Ahora, vamos a la organización. Como otras veces, nos reuniremos el segundo sábado de julio, que este año ea el día 9. Alrededor de las cinco y media de la tarde nos congregamos en la iglesita de Bularros. Celebraremos la misa y rezaremos por toda nuestra larga familia. Desde allí iremos a buscar la sombra de nuestra querida encina. Cada familia lleva su merienda y las bebidas correspondientes. Lo compartiremos todo, degustando las especialidades tradicionales de cada casa. Luego, para los más aguerridos, la emocionante marcha al molino -desgraciadamente cada vez más en ruina- y a las peñas de la vieja poza. El final, como siempre, en Los Valencianos, para tomar un helado, un granizado o lo que cada uno quiera. Parece que hará buen tiempo. Y el ánimo, el cariño y el buen humor están garantizados.

Un pequeño favor: este año no mandamos cartas por correo normal. A quien conozca a algún miembro de la familia que no esté en nuestra tertulia informática, le rogamos que le envíe por medios informáticos esta carta. No es bueno que perdamos todo el contacto con tantos miembros de la familia que estuvieron en Bularros y que hace ya algún año que no han venido. Por favor, haced de carteros eficaces.

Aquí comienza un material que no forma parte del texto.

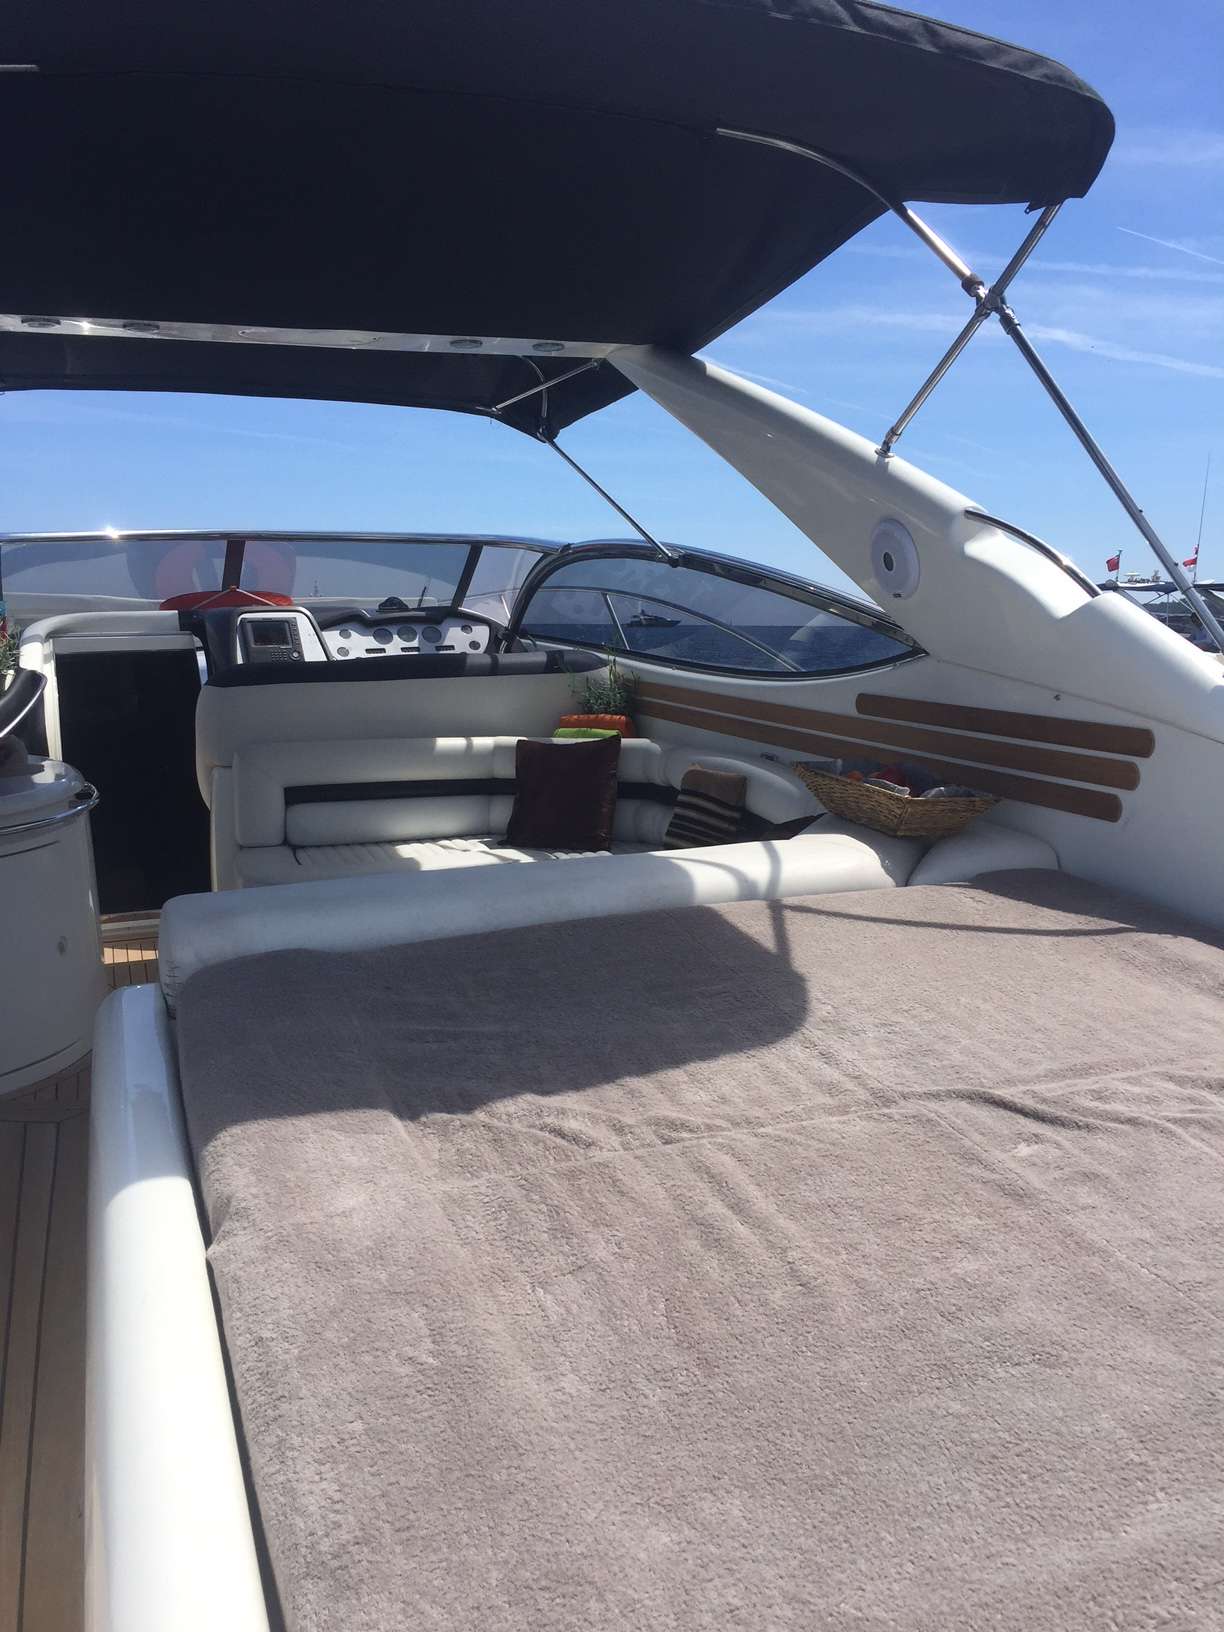 Sunseeker 48 - Yacht Charter Cannes & Boat hire in France French Riviera Cannes Vieux port de Vallauris 3

Y nada más. Ilustro la carta con una foto de nuestra querida y majestuosa encina, además de la familia de Teresa Caro, como ya os he dicho.

Os esperamos con cariño y entusiasmo. Que nuestro Bularros 2022, después de la pandemia sufrida, sea una respuesta contundente, que ponga de relieve nuestras ganas de vivir y, cómo no, la fuerza y el cariño de nuestra gran familia.

Con un fuerte abrazo a todos y a cada uno desde Ávila,

            José Manuel Sánchez Caro

HOY ERA EL DÍA

Encuentro virtual 2021 en la red

Hoy deberíamos de empezar a encontrarnos por las calles de Ávila, por el Mercado Grande (aunque la foto que os ofrezco es de meses menos calurosos), reconociéndonos entre abrazos y achuchones, achuchones y abrazos, que llevamos tanto tiempo prohibidos:

 Debo deciros que, después de dos días casi de frío, ha amanecido un sábado glorioso, con magnífica temperatura, sin viento, con calor anunciado para mediodía. Pero ahora mismo, a la sombra, puede uno tomarse el cafetito de la mañana de verano con una temperatura deliciosa. Otros a estas horas empezarían a preparar en sus casas de Madrid o de cerca de Ávila las viandas que llevar para la merienda bajo la encina. Os pido que cada uno aporte en sus comunicaciones del encuentro de hoy las especialidades de siempre. croquetas increíbles, preñaditos sin límite de calorías, sandwiches propios de un restaurante de tres tenedores, hornazo de Ávila o Salamanca, empanada más o menos gallega, en fin, cosas “ligeras”, sobre todo porque han sido hechas o compradas con cariño de verdad.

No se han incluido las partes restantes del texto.